- [Data for this exercise]:
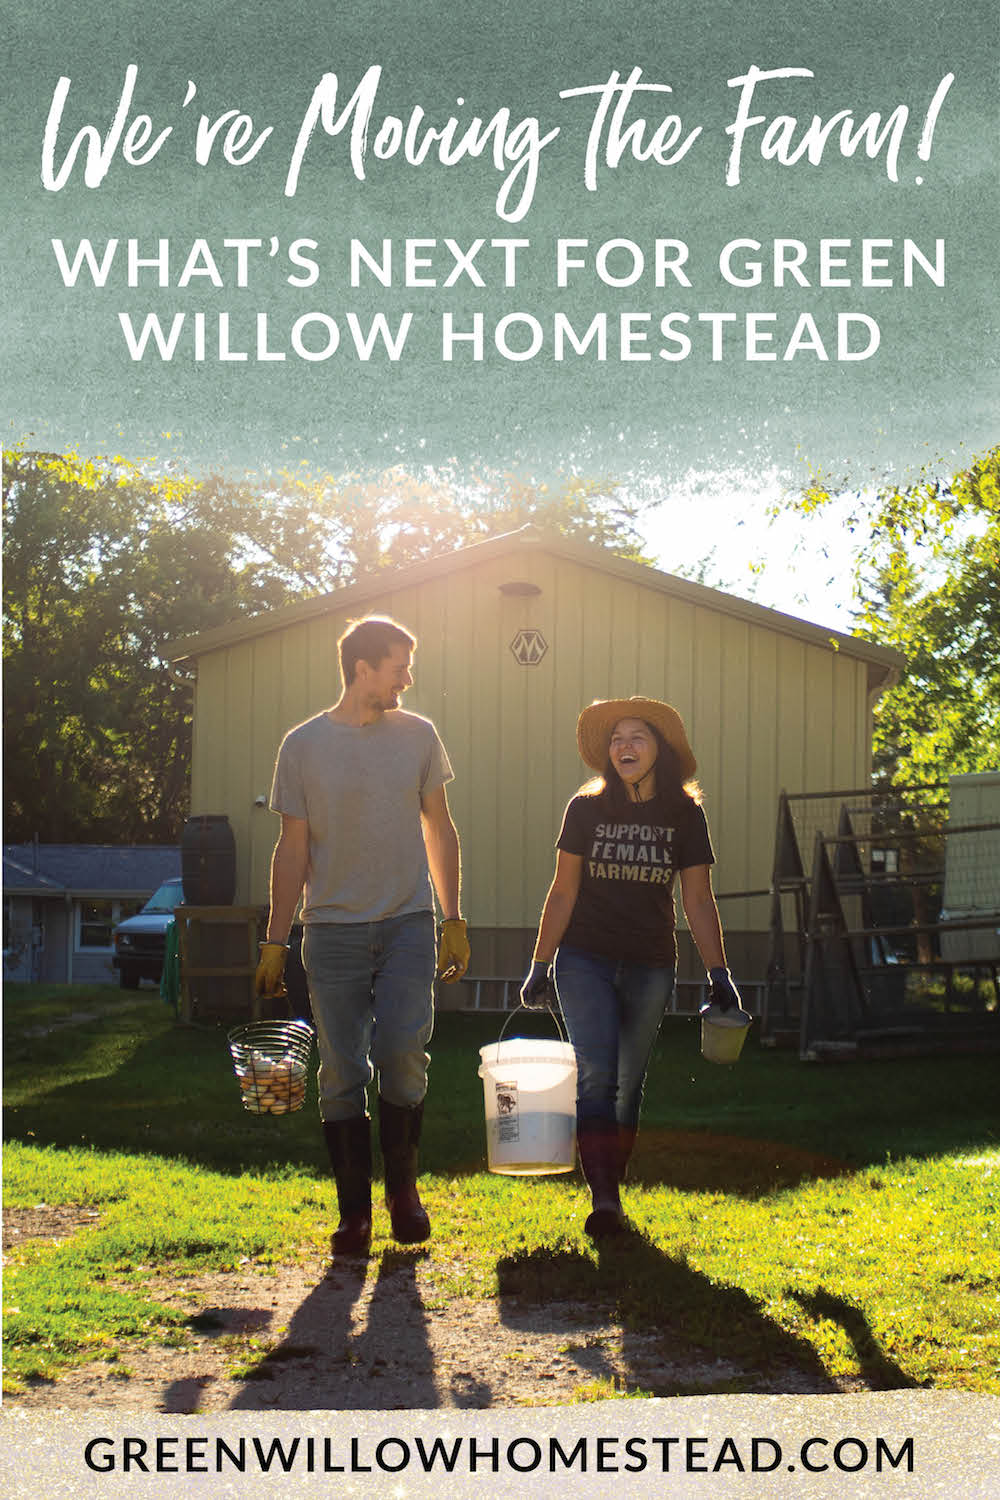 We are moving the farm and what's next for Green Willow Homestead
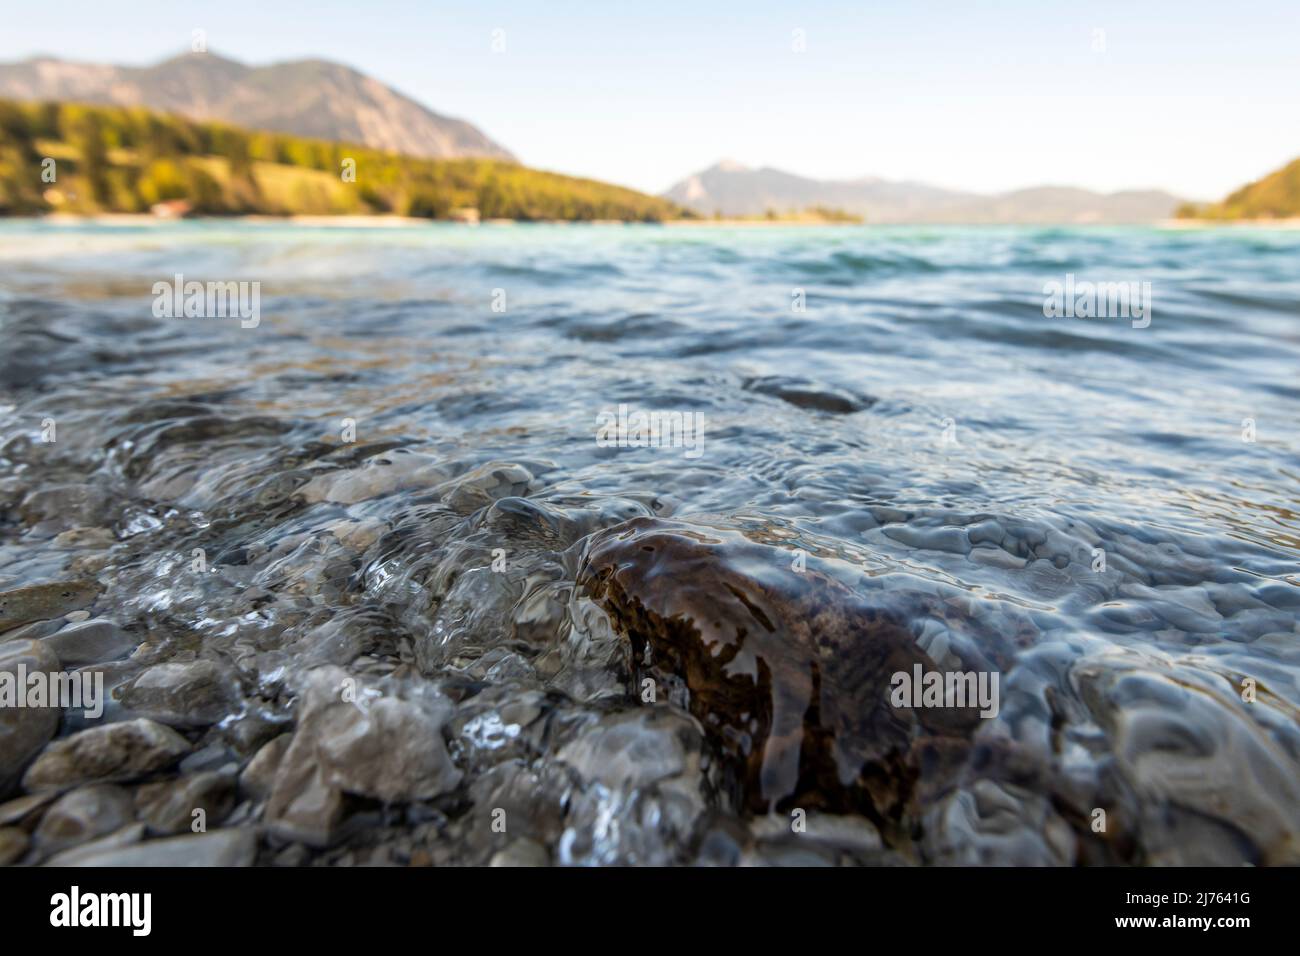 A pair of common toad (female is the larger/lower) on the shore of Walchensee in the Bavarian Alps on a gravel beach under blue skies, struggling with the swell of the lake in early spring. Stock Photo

---

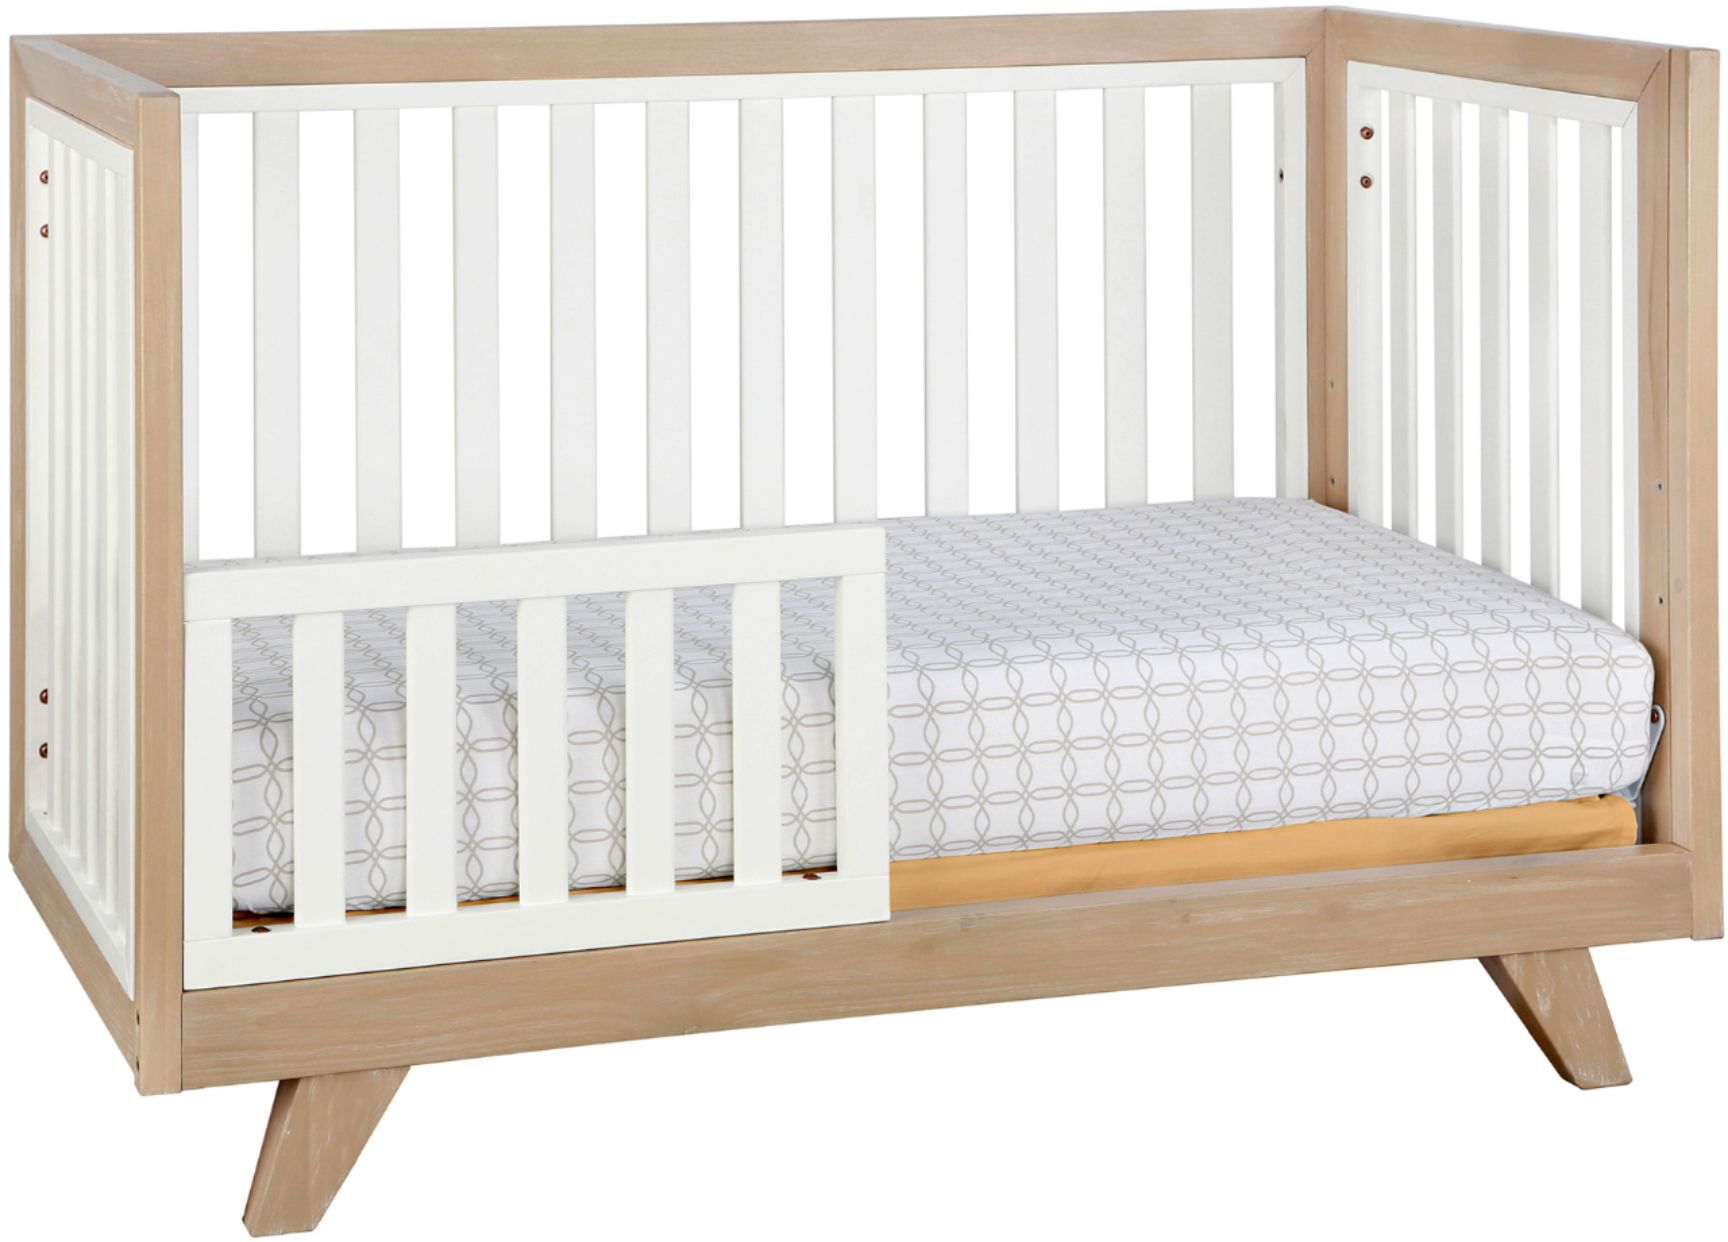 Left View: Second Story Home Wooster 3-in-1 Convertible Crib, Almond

- [What needs to be done]:
Retype the lines above exactly as they appear, from the line containing "We are moving" through the line containing "A pair of common", and leave out any pictures.

- [Response below]:
 We are moving the farm and what's next for Green Willow Homestead
 A pair of common toad (female is the larger/lower) on the shore of Walchensee in the Bavarian Alps on a gravel beach under blue skies, struggling with the swell of the lake in early spring. Stock Photo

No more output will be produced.